Run python test.py to generate extraction results. Output files:

Source PDF	Extraction Result
test/example/zhejiang.pdf	test/result/test_adaptive_zhejiang.html
test/example/changsha.pdf	test/result/test_adaptive_changsha.html
test/example/shaanxi.pdf	test/result/test_adaptive_shaanxi.html
test/example/tongbao.pdf	test/result/test_adaptive_tongbao.html

API

Function	Description
`convert(input_path, output_path, pages?, config?, use_adaptive_config=True)`	Convert PDF tables to HTML file
`extract(input_path, pages?, config?, use_adaptive_config=True)`	Extract tables as list of dicts with `page`, `html`, `bbox`, `raw`
`build_full_html(pdf_filename, tables)`	Build full HTML document from extracted tables
`Config`	Dataclass for tuning extraction (multiline thresholds, font tolerance, etc.)

Configuration

import ragtable_extract

# Custom config
config = ragtable_extract.Config(
    multiline_cell_top_range=25,
    multiline_y_tolerance=4,
)
tables = ragtable_extract.extract("doc.pdf", config=config)

# Adaptive config (default) — infers parameters from page character metrics
tables = ragtable_extract.extract("doc.pdf")  # use_adaptive_config=True by default

Project Structure

ragtable-extract/
├── ragtable_extract/     # Core library
│   ├── __init__.py       # convert(), extract()
│   ├── _core.py          # Table extraction logic
│   ├── _config.py        # Config & adaptive metrics
│   ├── _font.py          # Special font handling
│   └── _html.py          # HTML template
├── pyproject.toml
├── demo.py               # CLI demo
└── app.py                # Optional Flask web API

How It Works

PDF → pdfplumber.find_tables()
  → Filter chars by bbox, cluster by top (y)
  → Reorder ≥/≤ symbols, fix Fangzheng font
  → Output <table> HTML

Comparison Report

We compare ragtable-extract with opendataloader-pdf on real government PDF tables. Our extraction:

Multi-column tables — Correctly recognizes complex layouts with merged cells
Line-wrapped text — Automatically segments and concatenates text across line breaks within cells
No serialization — Symbols and text stay in correct cells (e.g. no １２ or 万人％ wrongly merged)
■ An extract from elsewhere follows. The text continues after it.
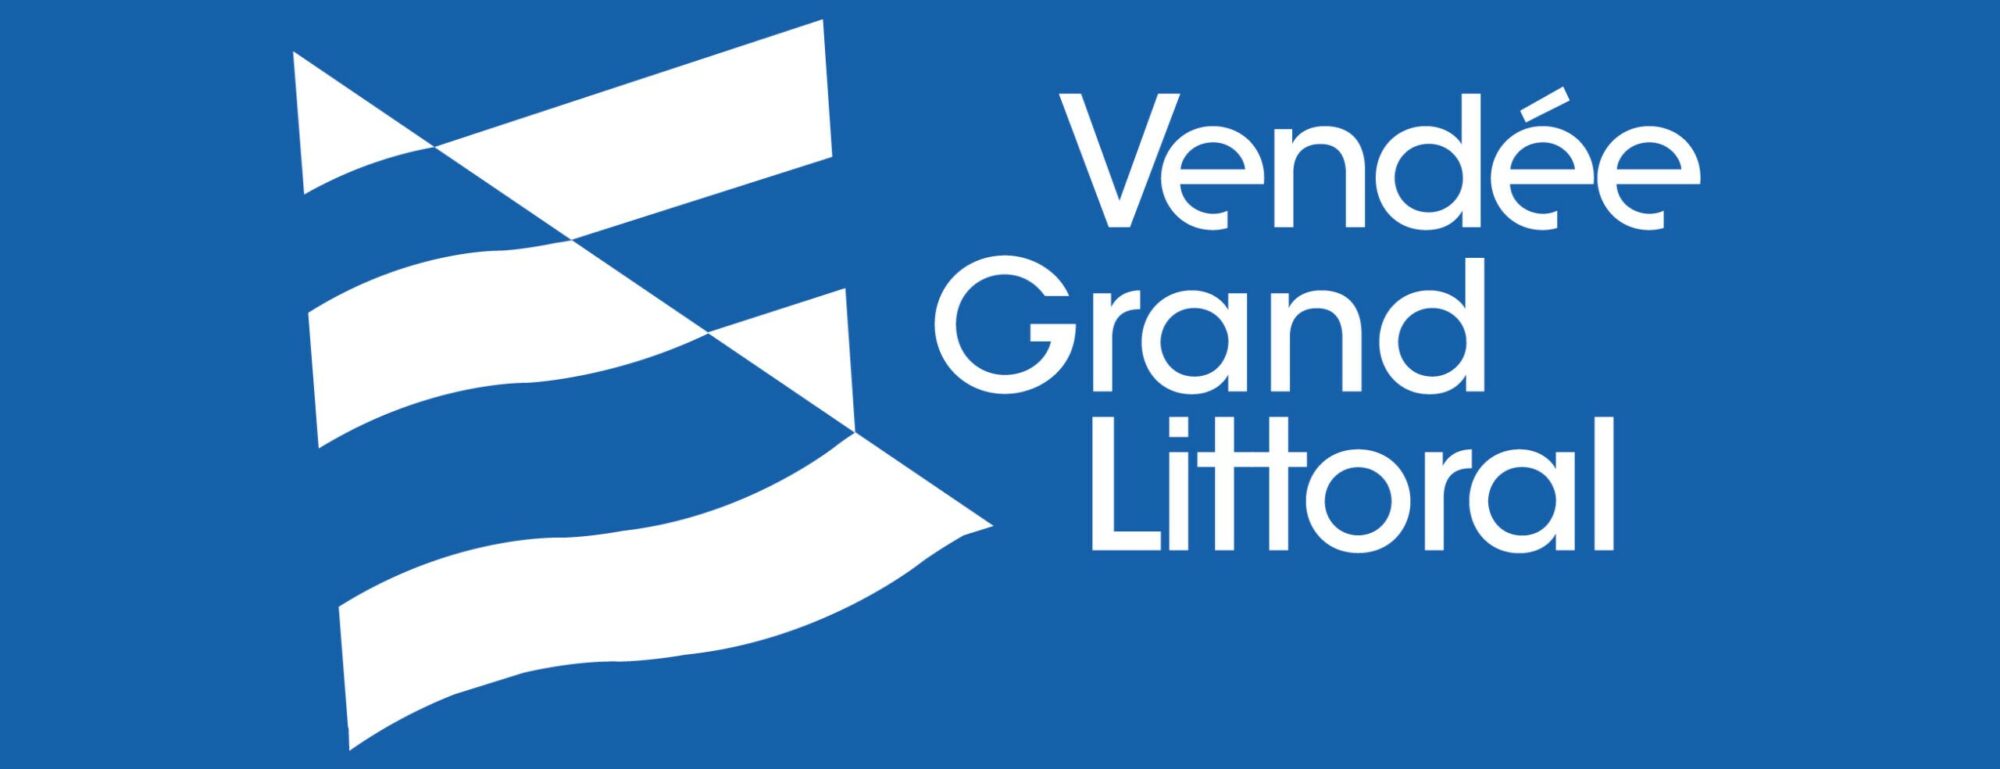 Vendee_Grand_Littoral_logo-bleu-01-scaled

Run python test_comparison.py to generate the report, then open comparison_report.html for side-by-side results.

License

MIT

Project details

These details have not been verified by PyPI

Project links

Release history Release notifications | RSS feed

This version

0.1.1

Feb 26, 2026

0.1.0

Feb 26, 2026

Download files

Download the file for your platform. If you're not sure which to choose, learn more about installing packages.

Source Distribution

ragtable_extract-0.1.1.tar.gz (13.1 kB view details)

Uploaded Feb 26, 2026 Source

Built Distribution

If you're not sure about the file name format, learn more about wheel file names.

The dropdown lists show the available interpreters, ABIs, and platforms. Enable javascript to be able to filter the list of wheel files.

ragtable_extract-0.1.1-py3-none-any.whl (12.7 kB view details)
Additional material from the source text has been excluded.